Data under study:
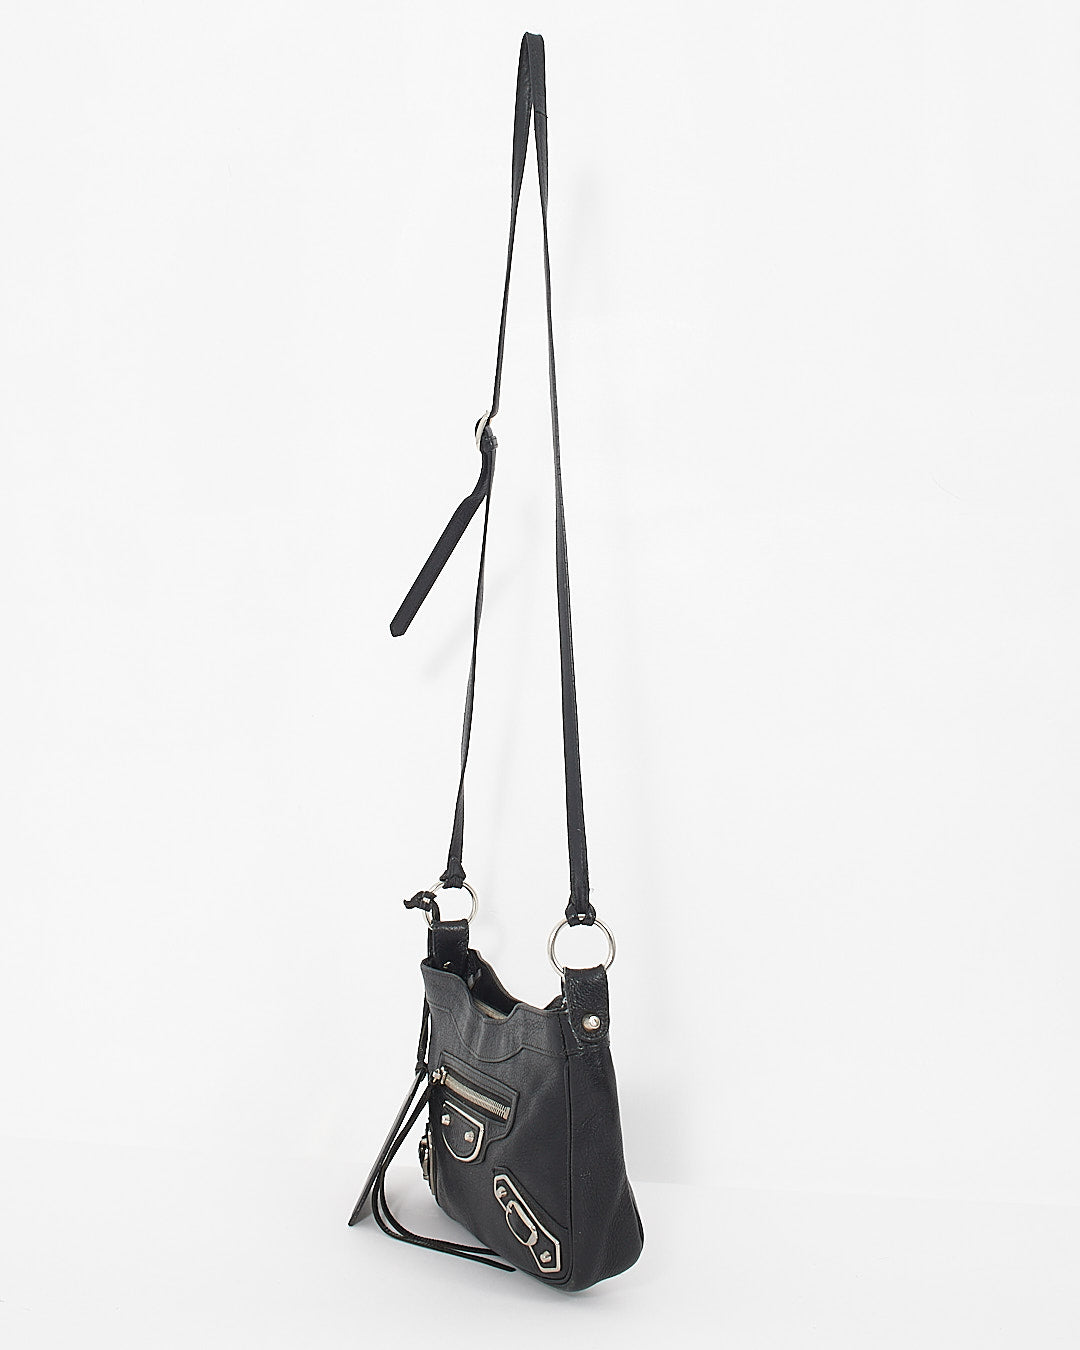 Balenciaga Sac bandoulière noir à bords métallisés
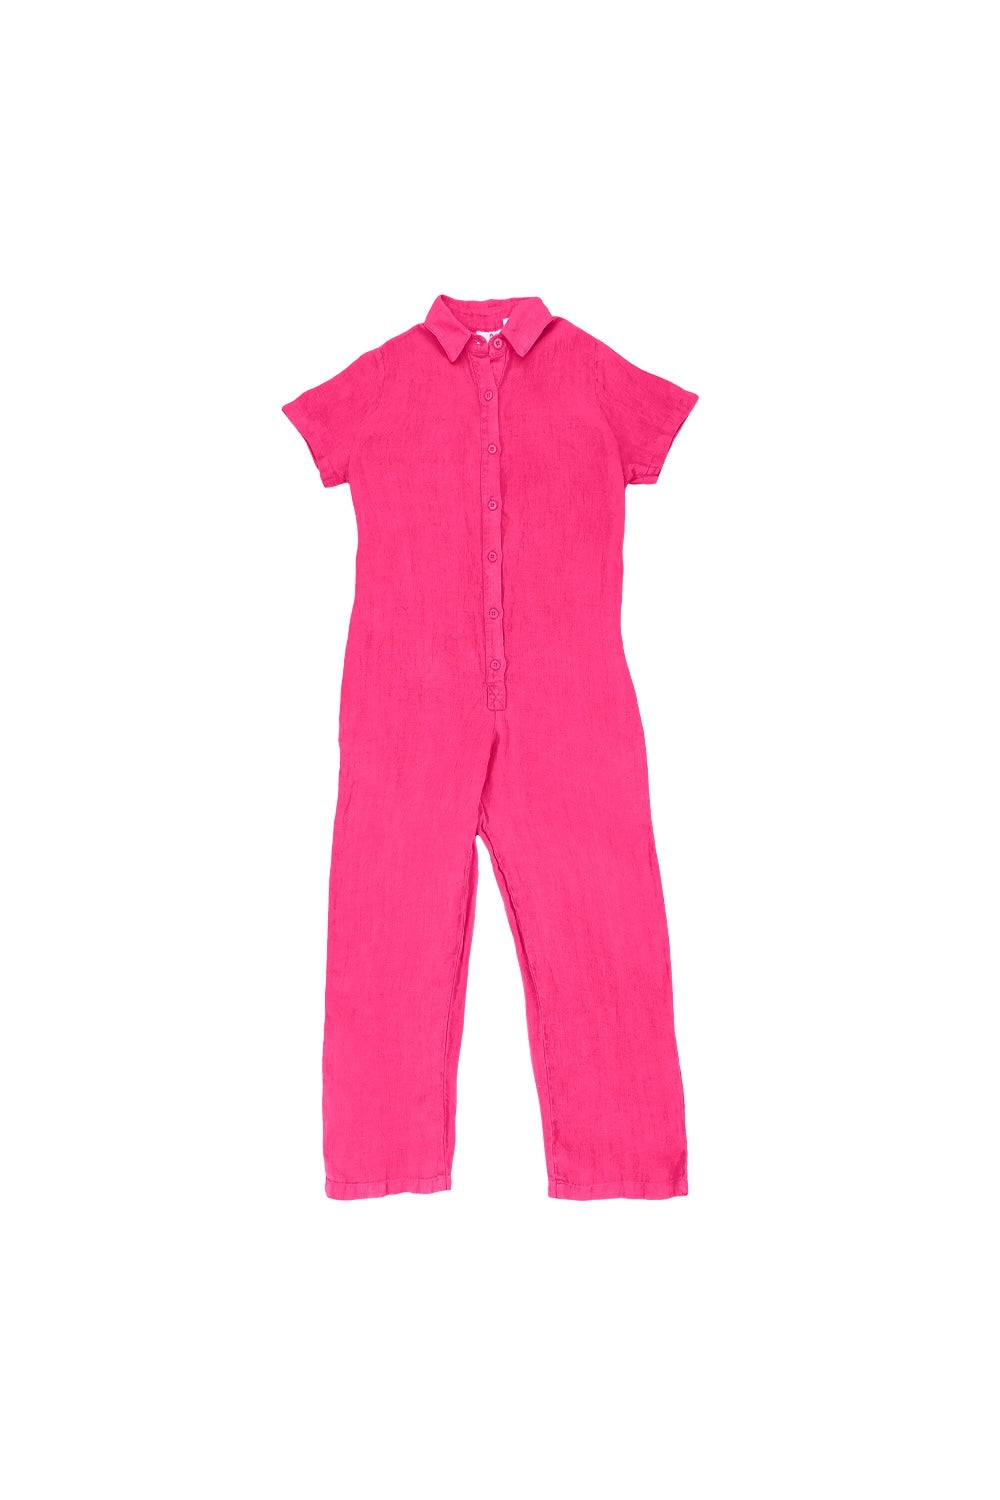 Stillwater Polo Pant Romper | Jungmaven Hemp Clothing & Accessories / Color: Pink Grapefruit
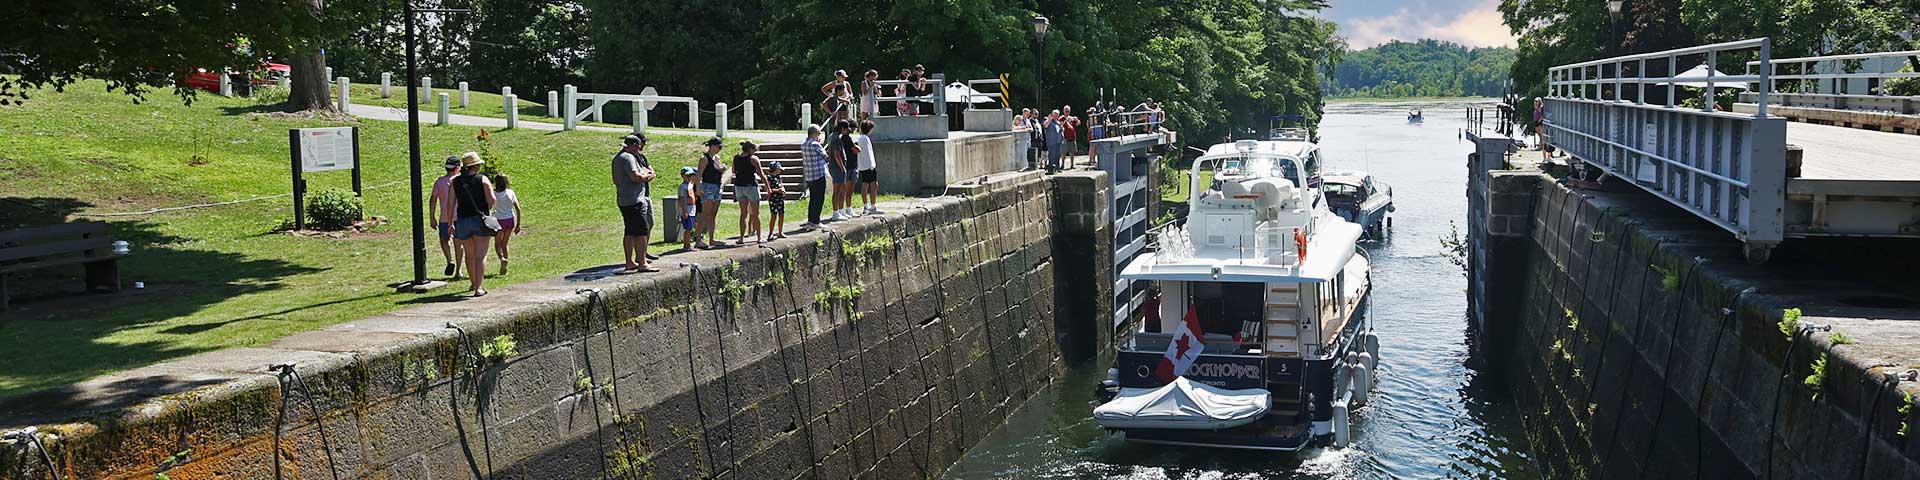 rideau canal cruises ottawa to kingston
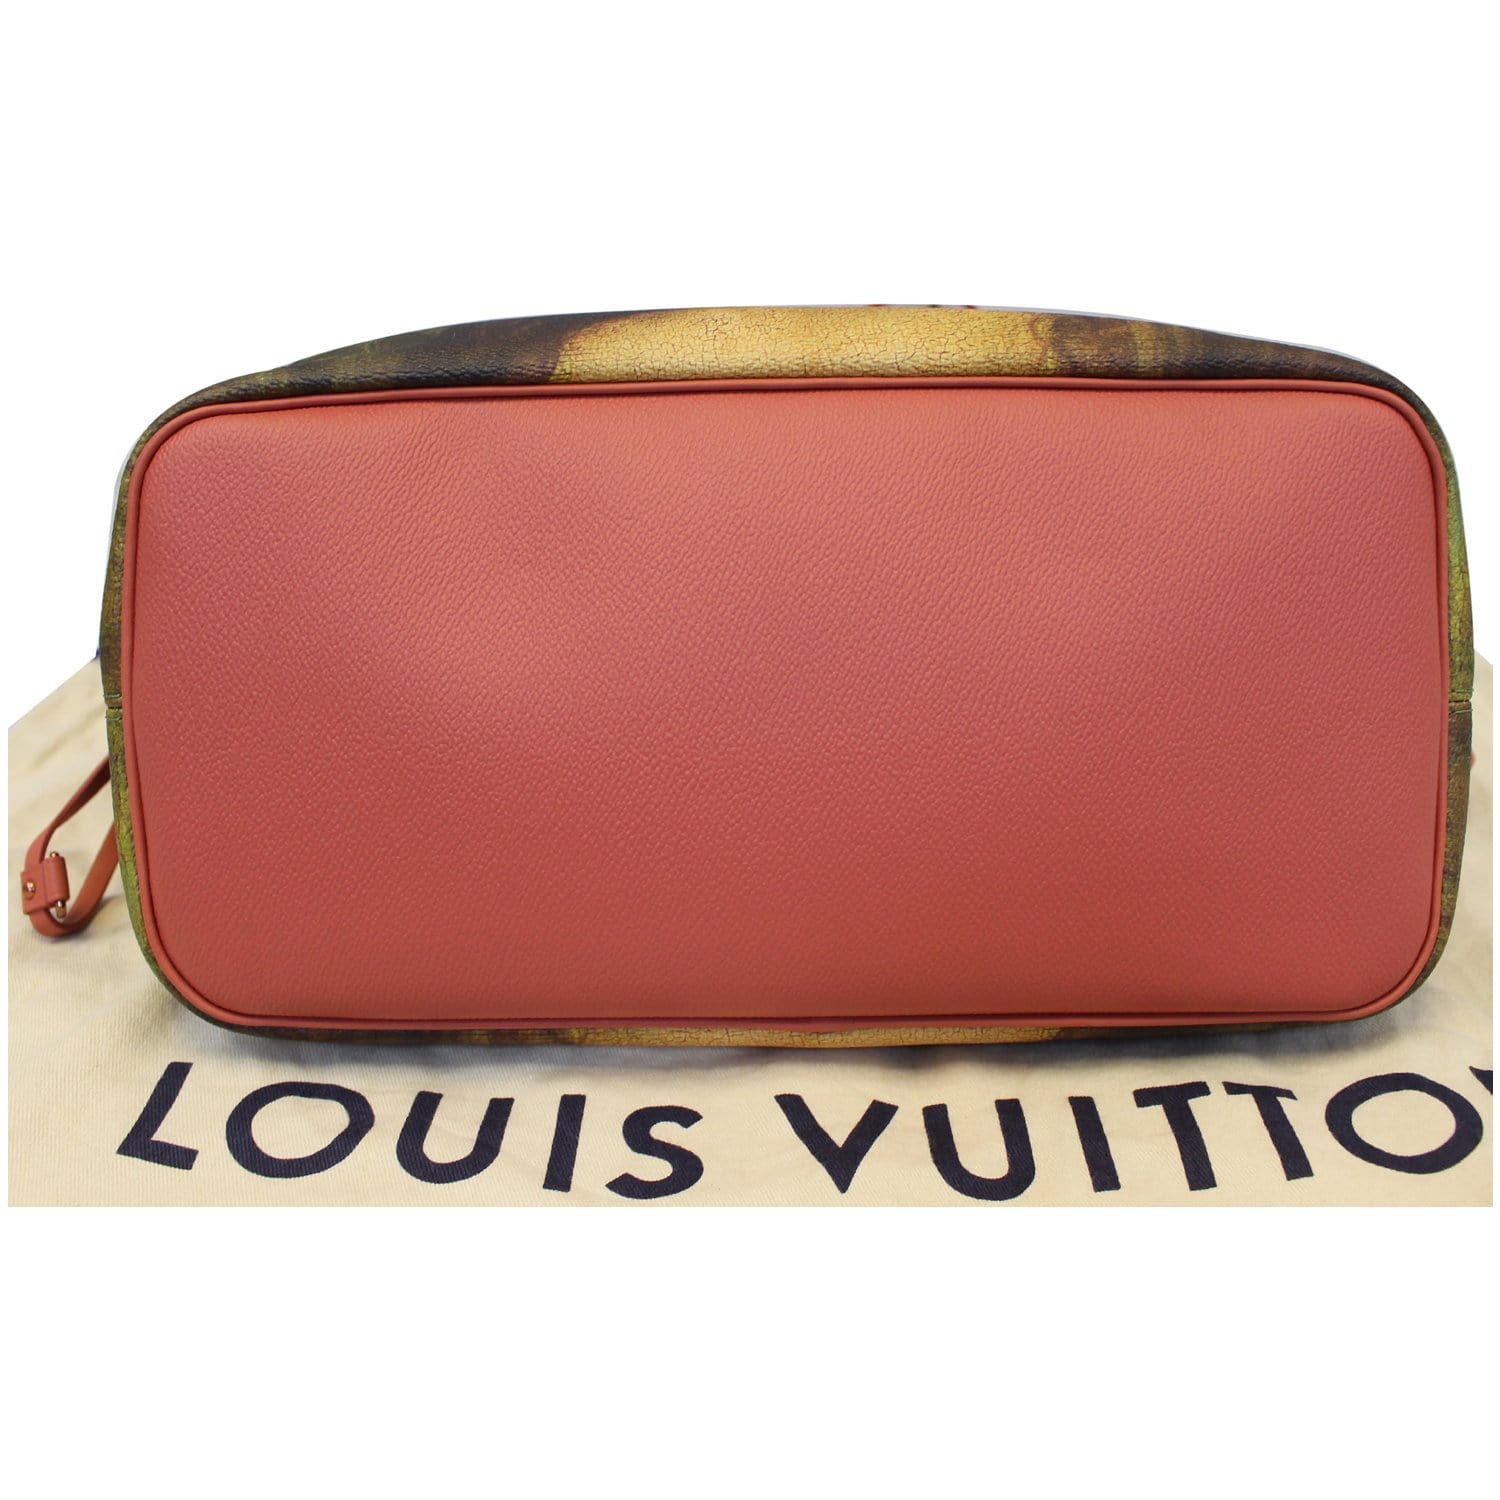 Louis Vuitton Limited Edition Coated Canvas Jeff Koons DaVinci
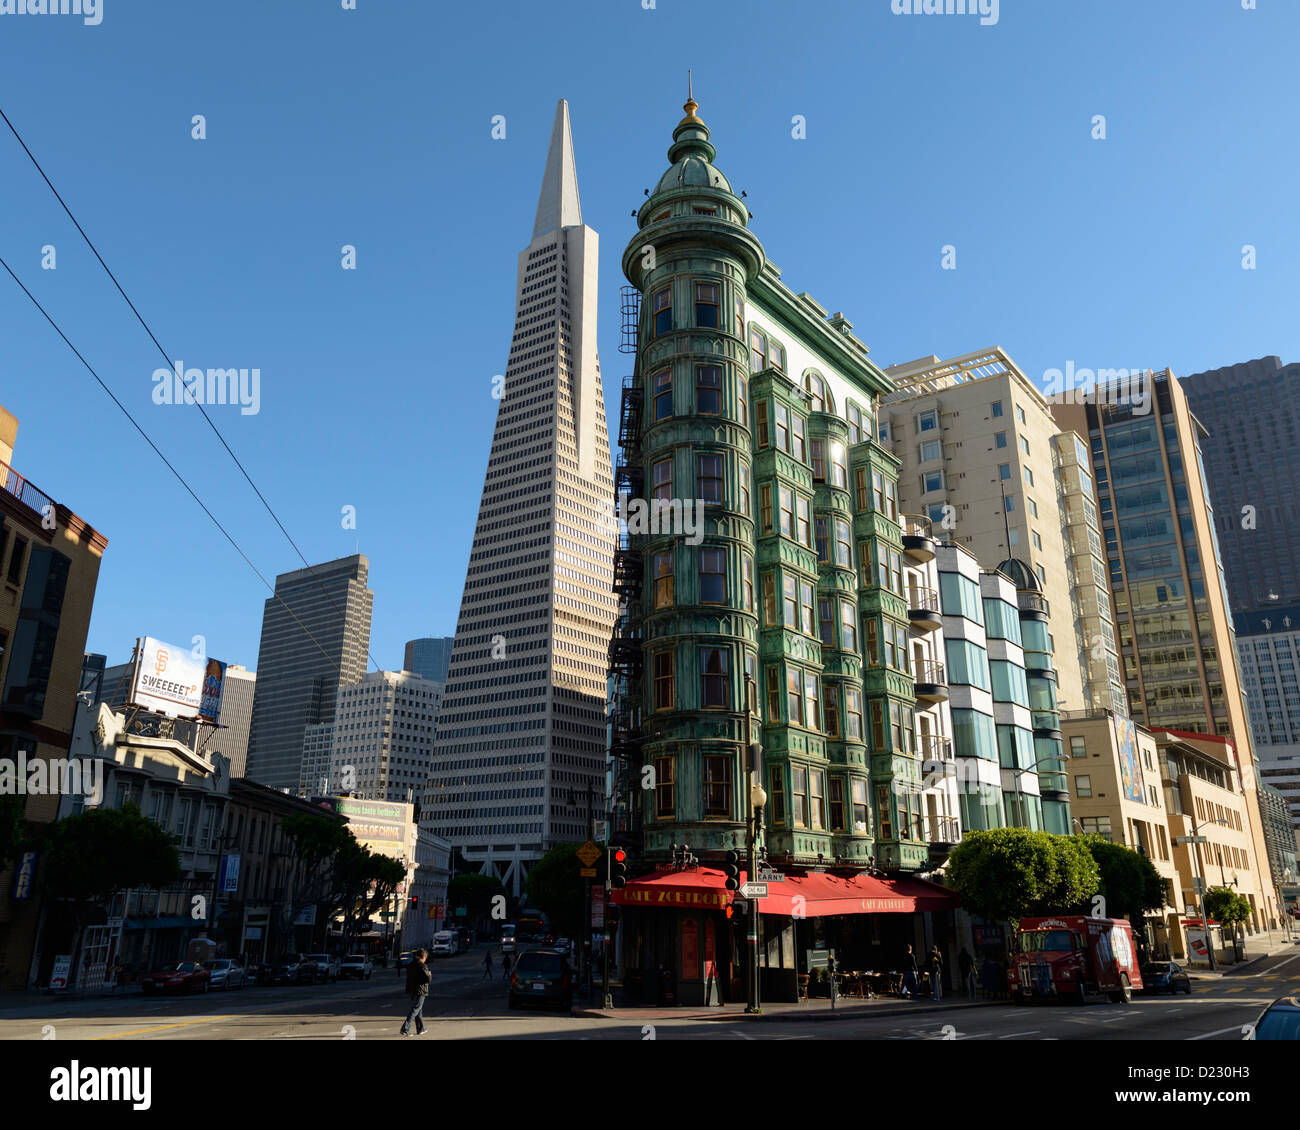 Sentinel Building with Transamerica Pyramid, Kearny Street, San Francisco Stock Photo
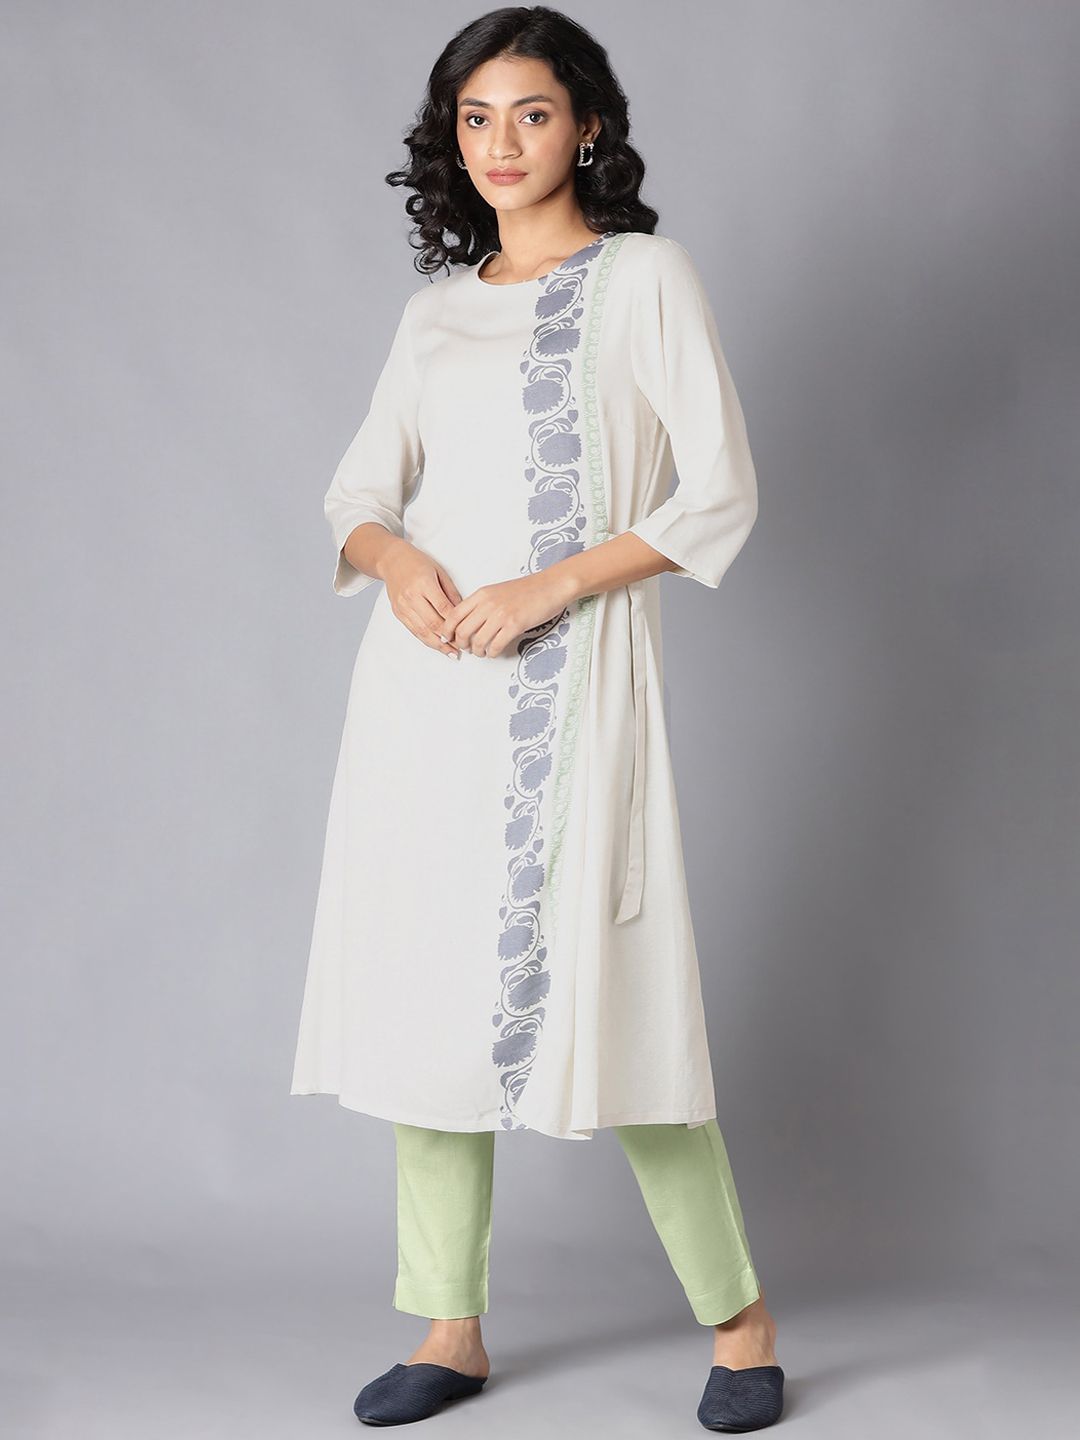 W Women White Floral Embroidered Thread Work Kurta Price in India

Task details: What you return should match the entries word for word, pictures aside.

Completed exercise:
 Balenciaga Sac bandoulière noir à bords métallisés
 Stillwater Polo Pant Romper | Jungmaven Hemp Clothing & Accessories / Color: Pink Grapefruit
 rideau canal cruises ottawa to kingston
 Louis Vuitton Limited Edition Coated Canvas Jeff Koons DaVinci
 Sentinel Building with Transamerica Pyramid, Kearny Street, San Francisco Stock Photo
 W Women White Floral Embroidered Thread Work Kurta Price in India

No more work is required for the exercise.